= Hiram II =

Phoenician King of Tyre

Hiram II (Hi-ru-mu) was the Phoenician king of Tyre from 737 to 729 BC. In 738 he was listed as a tributary of the Assyrian king Tiglath-Pileser III. His predecessor, Ithobaal II, was also stated to have paid tribute in that year. It is possible that the date in the Assyrian record is in error and Hiram's reign did not begin until 737. Hiram II should not be identified with the "Hiram, king of the Sidonians" who paid tribute to the Assyrians at an earlier date.

In 733 or 732, Hiram allied with Rezin, king of Damascus, but was attacked and defeated by Tiglath-Pileser. He was then deprived of Sidon, which the Assyrian king bestowed on Elulaios. Hiram also had agents on Cyprus, where his interests probably lay in the copper mines about Amathus and Limassol.

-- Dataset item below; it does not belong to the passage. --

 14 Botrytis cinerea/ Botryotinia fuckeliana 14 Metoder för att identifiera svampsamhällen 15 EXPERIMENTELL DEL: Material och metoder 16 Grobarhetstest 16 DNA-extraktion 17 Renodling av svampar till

A letter of Qurdi-Aššur-lāmur to Tiglath-Pileser, quotes a report from the Assyrian functionary Nabū-šēzib at Tyre, wherein Nabū-šēzib claims to have prevented Hiram from seizing the sacred tree (ēqu) from Sidon: "Hiram cut down the [sacred] tree of the temple of his gods, which is at the entrance to Sidon, saying: ‘I shall move it to Tyre’. I made him stop this: the [sacred] tree, which he cut down, is at the foot of the mount."

According to the hypothesis that much of the material in the Hebrew Bible was written at a late date by a so-called "Deuteronomist", references to Hiram I's relations with Solomon, king of Israel, are often re-dated by scholars to the reign of Hiram II and the Judahite king Ahaz. Thus, the incident recorded in 1 Kings 5—where Hiram presented Solomon with cedar for his temple—may in fact reflect the renovation of the temple undertaken by Ahaz and recorded in 2 Kings 16. The Tyrian king would have needed Assyrian permission to fell trees on Mount Lebanon, but as Ahaz had recently paid a visit to Tiglath-Pileser at Damascus this permission could have been granted then. Likewise, the fleets assembled by Solomon and Hiram in 1 Kings 10 may better fit the reign of Ahaz. The Israelite king could have procured access to the sea at the Yarkon River from his overlord, Tiglath-Pileser, after the latter's conquest of Philistia. The gold of Ophir, which the fleets collected, was needed by both kings to cover their tribute to Assyria.

In 729, Mattan II deposed Hiram and seized the throne. In 728 he made a large payment of tribute to buy Assyrian recognition of his usurpation.